To give you an idea of how widespread tooth decay is, consider that one out of five children aged five to 11 years have at least one untreated decayed tooth. The same is true of one in seven teens, aged 12 to 19. The frequency of children and adolescents aged 5 to 19 years with untreated tooth decay is twice as high in low-income households (25  percent) as in higher-income families (11 percent).

Dental pain alone, most commonly arising from tooth decay, accounted for more than one-million emergency room admissions in adults and children in 2017, costing more than $1 billion annually.  

A child with unhealthy teeth is at risk for health problems throughout life. For instance, if the tissue in the central portion of a child’s (baby) tooth is infected, the abscess can damage their permanent teeth. If a young child’s teeth are lost early or broken down due to decay, that child’s adult teeth are more likely to be improperly positioned or unable to grow in, leaving them vulnerable to caries and gum disease, and greatly increases the chance the child will require orthodontia.

The ability of tooth decay to impact overall health couldn’t be clearer. Children with caries are susceptible to chronic ear and sinus infections, and cuts and abrasions that won’t heal. Tooth decay can contribute to obesity, cardiovascular disease and diabetes. Even malnutrition because eating becomes so painful.

Several steps are within the scope of current public health programs to stem the tide of this epidemic, but they need championing in order to push them forward to help those children who most urgently need it.

The Pew Charitable Trusts report that at least 10 percent of residents in the states they surveyed do not have access to a dentist. We must foster a more balanced distribution of dentists — get them to the communities where they’re most needed —through a combination of providing incentives for new dentists and authorizing dental therapists to practice in these areas.

Named by the CDC one of the top-ten health achievements of the 20th Century, fluoridation of water is still not universal. Eleven states fail to fluoridate, and not every county in states that do can supply fluoridated water.

The CDC can help determine if your public water supply is fluoridated. Of a 2016 U.S. population of nearly 319 million people, approximately 108 million – nearly 34 percent, a proportion that has grown over the last decade, cannot access fluoridated water. According to the CDC, fluoridation reduces cavities by 25 percent. Since every dollar spent on fluoridation saves $38 in dental costs, expansion of federal programs is needed to help more than one-third of America’s children to avoid tooth decay.

Another program championed in low-income communities is sealants/varnishes. Fluoride varnish or gel can help protect both baby and permanent teeth from cavities, while sealants — a plastic, protective coating — are applied to the chewing surfaces of the back teeth to protect them from decay caused by the acid created by sugar-craving bacteria. Many children have sealants applied by their family dentist, but school sealant programs bring the procedure to underserved communities. Sealants work: the CDC reports schoolchildren receiving sealants have one-third the cavities than those who do not.

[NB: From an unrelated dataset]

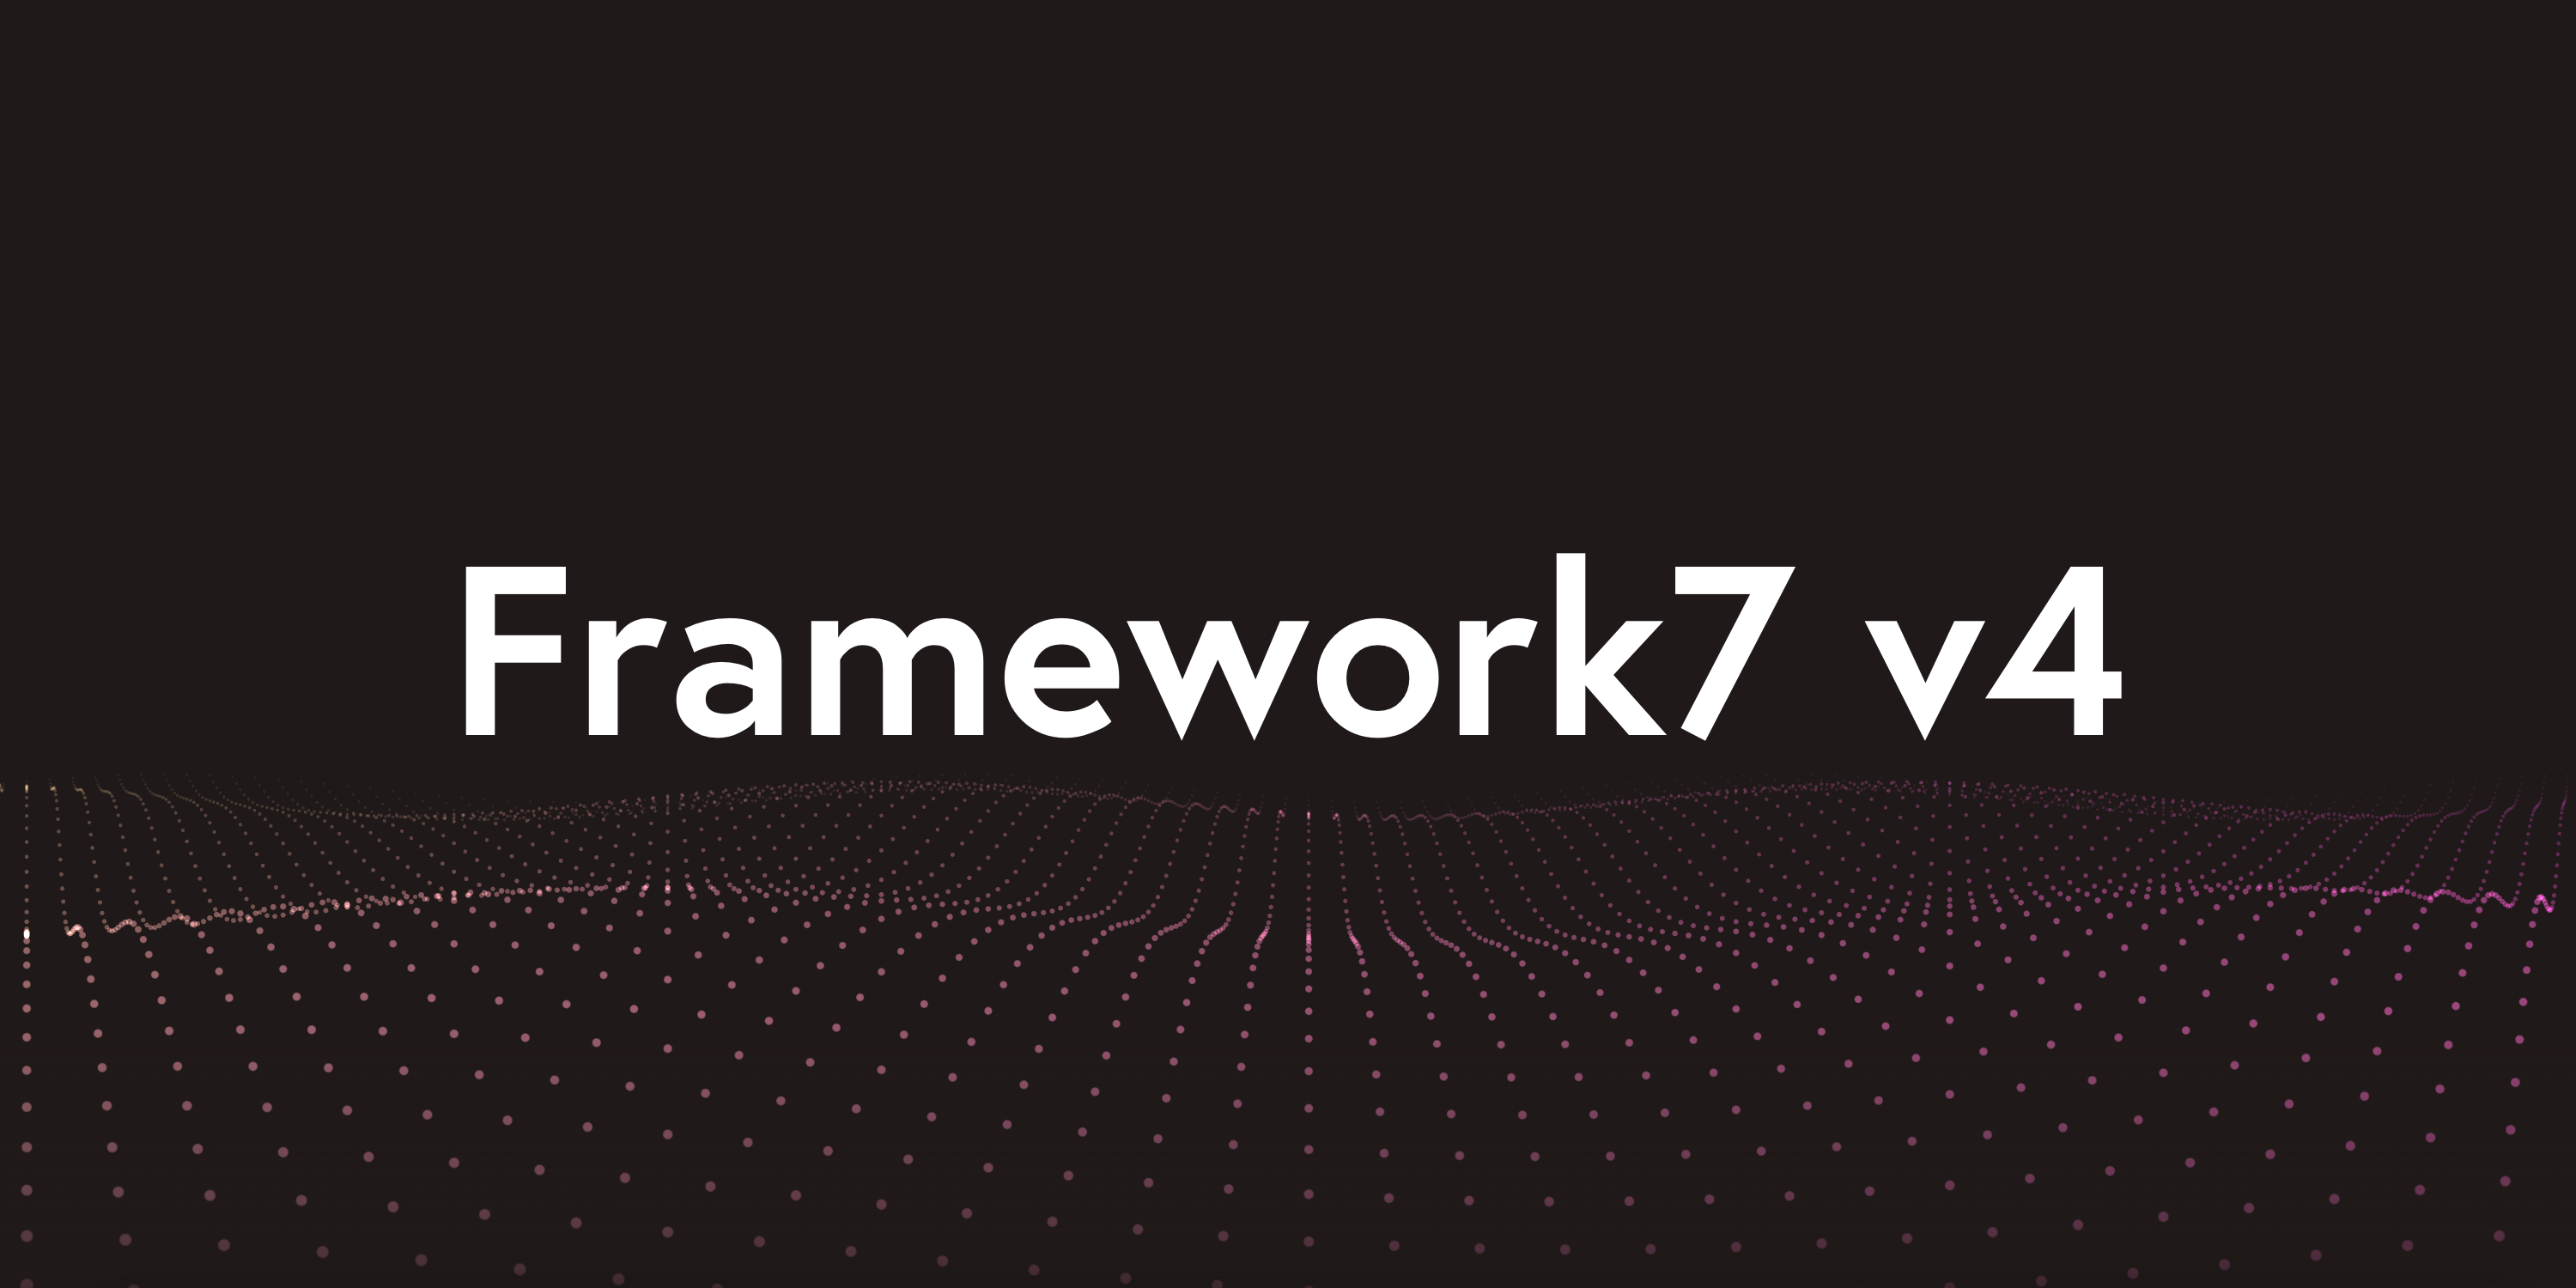 The Best Framework7 Yet. What Is New In v4

Lack of dental insurance hurts children’s teeth. While the Affordable Care Act expanded availability of children’s dental insurance, dental plans may be offered separately from medical coverage, significantly increasing costs for participating families, and benefits vary from state to state.

For patients covered by Medicaid, there are total benefit caps, low reimbursements for dental care, and very few dentists accept it. A report issued in September 2016 by the Center for Children and Families at Georgetown University’s Health Policy Institute identified changes needed to improve dental care under the law, and expand access to care for children covered by Medicaid and CHIP.  

Investing in children’s dental health is relatively inexpensive and pays dividends throughout the entire life cycle.

Jonathan Fielding, M.D., is a professor of public health and pediatrics at University of California, Los Angeles.